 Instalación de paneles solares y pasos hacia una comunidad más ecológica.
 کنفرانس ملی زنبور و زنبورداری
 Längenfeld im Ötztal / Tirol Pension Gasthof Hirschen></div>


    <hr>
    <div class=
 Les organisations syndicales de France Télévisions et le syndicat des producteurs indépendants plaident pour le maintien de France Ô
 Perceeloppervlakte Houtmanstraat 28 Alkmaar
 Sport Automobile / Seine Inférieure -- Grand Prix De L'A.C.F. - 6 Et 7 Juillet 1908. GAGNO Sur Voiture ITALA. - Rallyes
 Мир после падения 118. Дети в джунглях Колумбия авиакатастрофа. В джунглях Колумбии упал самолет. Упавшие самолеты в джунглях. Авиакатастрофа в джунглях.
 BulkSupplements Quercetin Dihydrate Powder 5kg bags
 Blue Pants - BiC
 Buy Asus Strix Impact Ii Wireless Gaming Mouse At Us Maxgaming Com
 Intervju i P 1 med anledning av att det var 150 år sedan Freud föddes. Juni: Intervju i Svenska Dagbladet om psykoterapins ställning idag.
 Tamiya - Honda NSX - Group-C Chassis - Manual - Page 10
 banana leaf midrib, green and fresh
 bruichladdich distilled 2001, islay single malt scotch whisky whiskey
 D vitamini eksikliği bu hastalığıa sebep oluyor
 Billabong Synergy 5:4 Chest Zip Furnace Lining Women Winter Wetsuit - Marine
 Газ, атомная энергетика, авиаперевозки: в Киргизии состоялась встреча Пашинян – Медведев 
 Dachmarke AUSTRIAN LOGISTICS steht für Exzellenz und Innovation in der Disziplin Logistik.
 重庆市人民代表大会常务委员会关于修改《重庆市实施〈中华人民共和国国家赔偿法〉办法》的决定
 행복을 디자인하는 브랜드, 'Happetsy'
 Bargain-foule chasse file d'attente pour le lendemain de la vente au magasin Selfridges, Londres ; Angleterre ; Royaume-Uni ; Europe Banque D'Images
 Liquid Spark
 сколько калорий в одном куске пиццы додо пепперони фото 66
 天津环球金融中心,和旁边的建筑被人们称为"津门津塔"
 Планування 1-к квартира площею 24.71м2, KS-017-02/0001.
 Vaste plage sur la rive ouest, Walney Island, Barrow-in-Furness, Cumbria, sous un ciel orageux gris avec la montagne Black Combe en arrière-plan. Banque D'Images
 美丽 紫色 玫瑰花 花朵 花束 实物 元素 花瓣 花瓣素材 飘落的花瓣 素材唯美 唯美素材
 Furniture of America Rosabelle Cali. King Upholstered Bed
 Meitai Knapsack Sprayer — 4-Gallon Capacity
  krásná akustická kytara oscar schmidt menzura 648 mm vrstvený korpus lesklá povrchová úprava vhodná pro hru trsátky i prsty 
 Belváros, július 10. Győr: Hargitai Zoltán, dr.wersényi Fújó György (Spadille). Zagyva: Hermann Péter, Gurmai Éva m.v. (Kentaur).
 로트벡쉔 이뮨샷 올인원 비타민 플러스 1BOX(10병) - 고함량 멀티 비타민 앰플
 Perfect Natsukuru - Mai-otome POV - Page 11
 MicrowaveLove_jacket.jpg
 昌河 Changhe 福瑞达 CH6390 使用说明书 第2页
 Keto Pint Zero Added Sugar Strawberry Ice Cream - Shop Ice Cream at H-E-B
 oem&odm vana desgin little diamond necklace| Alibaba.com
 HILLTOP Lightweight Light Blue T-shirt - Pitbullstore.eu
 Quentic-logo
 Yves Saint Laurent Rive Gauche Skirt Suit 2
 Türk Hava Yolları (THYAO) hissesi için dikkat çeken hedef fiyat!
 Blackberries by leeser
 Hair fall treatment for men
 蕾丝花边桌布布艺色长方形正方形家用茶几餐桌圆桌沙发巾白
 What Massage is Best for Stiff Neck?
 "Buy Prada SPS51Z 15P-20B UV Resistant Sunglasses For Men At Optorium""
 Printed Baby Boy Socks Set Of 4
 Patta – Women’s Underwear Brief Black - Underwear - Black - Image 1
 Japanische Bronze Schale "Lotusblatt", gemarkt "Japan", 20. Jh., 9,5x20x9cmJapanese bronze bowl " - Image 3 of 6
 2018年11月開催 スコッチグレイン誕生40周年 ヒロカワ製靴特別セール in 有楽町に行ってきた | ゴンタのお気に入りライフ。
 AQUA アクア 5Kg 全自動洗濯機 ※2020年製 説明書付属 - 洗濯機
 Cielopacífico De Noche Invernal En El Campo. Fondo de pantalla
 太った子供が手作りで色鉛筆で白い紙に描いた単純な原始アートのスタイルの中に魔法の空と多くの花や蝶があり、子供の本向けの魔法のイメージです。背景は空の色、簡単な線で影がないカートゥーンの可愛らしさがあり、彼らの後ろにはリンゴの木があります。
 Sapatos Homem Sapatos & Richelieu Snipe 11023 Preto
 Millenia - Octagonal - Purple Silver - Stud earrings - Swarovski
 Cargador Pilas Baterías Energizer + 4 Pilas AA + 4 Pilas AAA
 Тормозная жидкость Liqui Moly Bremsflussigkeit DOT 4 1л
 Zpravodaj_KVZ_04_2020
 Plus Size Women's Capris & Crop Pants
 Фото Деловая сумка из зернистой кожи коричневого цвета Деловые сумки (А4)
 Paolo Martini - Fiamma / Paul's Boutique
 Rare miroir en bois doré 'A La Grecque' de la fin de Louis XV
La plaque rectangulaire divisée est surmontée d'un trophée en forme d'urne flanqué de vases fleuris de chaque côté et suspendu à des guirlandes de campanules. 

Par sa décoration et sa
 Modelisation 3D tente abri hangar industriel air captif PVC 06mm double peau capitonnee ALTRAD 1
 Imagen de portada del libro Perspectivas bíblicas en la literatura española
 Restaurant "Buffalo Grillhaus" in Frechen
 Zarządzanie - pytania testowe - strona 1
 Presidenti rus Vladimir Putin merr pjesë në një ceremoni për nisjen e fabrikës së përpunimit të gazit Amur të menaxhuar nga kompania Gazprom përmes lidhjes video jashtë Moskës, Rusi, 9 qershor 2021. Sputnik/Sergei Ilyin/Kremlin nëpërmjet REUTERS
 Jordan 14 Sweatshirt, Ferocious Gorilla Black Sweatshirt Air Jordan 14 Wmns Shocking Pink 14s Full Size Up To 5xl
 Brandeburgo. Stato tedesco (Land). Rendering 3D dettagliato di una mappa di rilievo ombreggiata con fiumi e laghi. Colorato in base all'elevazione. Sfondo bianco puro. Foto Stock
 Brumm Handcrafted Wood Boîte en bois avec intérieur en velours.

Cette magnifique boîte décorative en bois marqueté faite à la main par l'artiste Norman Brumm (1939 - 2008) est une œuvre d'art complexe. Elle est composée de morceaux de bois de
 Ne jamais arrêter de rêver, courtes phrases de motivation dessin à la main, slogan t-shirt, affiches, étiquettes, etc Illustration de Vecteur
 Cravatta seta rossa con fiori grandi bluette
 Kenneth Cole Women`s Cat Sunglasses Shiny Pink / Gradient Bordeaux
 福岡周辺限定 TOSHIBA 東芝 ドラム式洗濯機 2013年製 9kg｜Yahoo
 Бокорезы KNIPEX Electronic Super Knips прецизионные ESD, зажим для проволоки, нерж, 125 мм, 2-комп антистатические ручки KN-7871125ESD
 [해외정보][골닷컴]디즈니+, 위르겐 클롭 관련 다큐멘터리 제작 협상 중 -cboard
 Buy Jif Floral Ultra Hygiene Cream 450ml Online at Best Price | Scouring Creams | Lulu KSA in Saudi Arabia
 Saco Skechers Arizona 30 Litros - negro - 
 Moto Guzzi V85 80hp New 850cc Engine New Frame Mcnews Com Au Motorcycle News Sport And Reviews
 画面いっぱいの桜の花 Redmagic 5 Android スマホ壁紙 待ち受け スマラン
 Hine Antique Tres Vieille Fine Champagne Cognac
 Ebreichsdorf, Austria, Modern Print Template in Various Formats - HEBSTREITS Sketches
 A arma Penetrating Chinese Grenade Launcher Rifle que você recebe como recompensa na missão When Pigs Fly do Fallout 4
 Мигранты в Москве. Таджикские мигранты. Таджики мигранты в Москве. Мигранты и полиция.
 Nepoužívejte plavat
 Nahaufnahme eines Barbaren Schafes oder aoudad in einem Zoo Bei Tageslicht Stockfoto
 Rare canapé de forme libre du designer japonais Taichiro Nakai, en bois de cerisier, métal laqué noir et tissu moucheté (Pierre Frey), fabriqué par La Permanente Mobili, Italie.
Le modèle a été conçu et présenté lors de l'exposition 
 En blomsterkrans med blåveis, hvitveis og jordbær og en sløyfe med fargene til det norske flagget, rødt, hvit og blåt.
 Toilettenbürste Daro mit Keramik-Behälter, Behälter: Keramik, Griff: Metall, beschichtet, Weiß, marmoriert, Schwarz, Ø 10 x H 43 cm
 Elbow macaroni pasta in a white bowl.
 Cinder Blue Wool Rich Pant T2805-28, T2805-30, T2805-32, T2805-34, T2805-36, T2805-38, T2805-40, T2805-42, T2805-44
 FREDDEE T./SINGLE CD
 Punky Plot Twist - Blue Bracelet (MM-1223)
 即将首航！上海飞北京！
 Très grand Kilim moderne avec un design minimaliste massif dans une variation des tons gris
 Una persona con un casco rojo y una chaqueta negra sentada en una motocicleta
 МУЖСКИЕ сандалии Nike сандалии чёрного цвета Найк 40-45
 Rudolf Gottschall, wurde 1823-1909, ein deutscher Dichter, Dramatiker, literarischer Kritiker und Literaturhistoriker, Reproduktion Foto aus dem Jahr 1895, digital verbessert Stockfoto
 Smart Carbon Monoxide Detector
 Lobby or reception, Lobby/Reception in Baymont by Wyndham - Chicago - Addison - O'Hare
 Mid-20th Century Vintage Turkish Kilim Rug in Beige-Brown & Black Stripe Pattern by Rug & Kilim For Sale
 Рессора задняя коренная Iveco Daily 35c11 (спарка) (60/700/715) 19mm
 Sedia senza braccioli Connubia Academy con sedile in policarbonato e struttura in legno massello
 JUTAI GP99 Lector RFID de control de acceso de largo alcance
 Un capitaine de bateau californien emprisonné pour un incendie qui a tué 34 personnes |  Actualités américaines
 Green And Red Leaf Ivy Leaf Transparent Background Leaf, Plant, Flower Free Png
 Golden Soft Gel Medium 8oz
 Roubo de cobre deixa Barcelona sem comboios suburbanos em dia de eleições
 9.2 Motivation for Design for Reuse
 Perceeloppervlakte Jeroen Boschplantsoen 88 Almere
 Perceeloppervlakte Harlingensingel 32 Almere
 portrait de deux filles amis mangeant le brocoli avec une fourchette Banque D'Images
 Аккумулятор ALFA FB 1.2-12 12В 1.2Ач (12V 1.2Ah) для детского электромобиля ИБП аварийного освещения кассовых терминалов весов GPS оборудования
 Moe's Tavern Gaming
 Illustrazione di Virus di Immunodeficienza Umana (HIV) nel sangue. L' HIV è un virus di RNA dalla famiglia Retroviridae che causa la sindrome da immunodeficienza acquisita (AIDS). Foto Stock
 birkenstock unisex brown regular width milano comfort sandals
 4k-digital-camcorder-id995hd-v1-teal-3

> Your instructions: Using the entries above, give again exactly the lines from the line holding "Газ, атомная энергетика, авиаперевозки: в" through the line holding "Meitai Knapsack Sprayer — 4-Gallon Capacity". Include both end lines and nothing else.

> The completed task:
 Газ, атомная энергетика, авиаперевозки: в Киргизии состоялась встреча Пашинян – Медведев 
 Dachmarke AUSTRIAN LOGISTICS steht für Exzellenz und Innovation in der Disziplin Logistik.
 重庆市人民代表大会常务委员会关于修改《重庆市实施〈中华人民共和国国家赔偿法〉办法》的决定
 행복을 디자인하는 브랜드, 'Happetsy'
 Bargain-foule chasse file d'attente pour le lendemain de la vente au magasin Selfridges, Londres ; Angleterre ; Royaume-Uni ; Europe Banque D'Images
 Liquid Spark
 сколько калорий в одном куске пиццы додо пепперони фото 66
 天津环球金融中心,和旁边的建筑被人们称为"津门津塔"
 Планування 1-к квартира площею 24.71м2, KS-017-02/0001.
 Vaste plage sur la rive ouest, Walney Island, Barrow-in-Furness, Cumbria, sous un ciel orageux gris avec la montagne Black Combe en arrière-plan. Banque D'Images
 美丽 紫色 玫瑰花 花朵 花束 实物 元素 花瓣 花瓣素材 飘落的花瓣 素材唯美 唯美素材
 Furniture of America Rosabelle Cali. King Upholstered Bed
 Meitai Knapsack Sprayer — 4-Gallon Capacity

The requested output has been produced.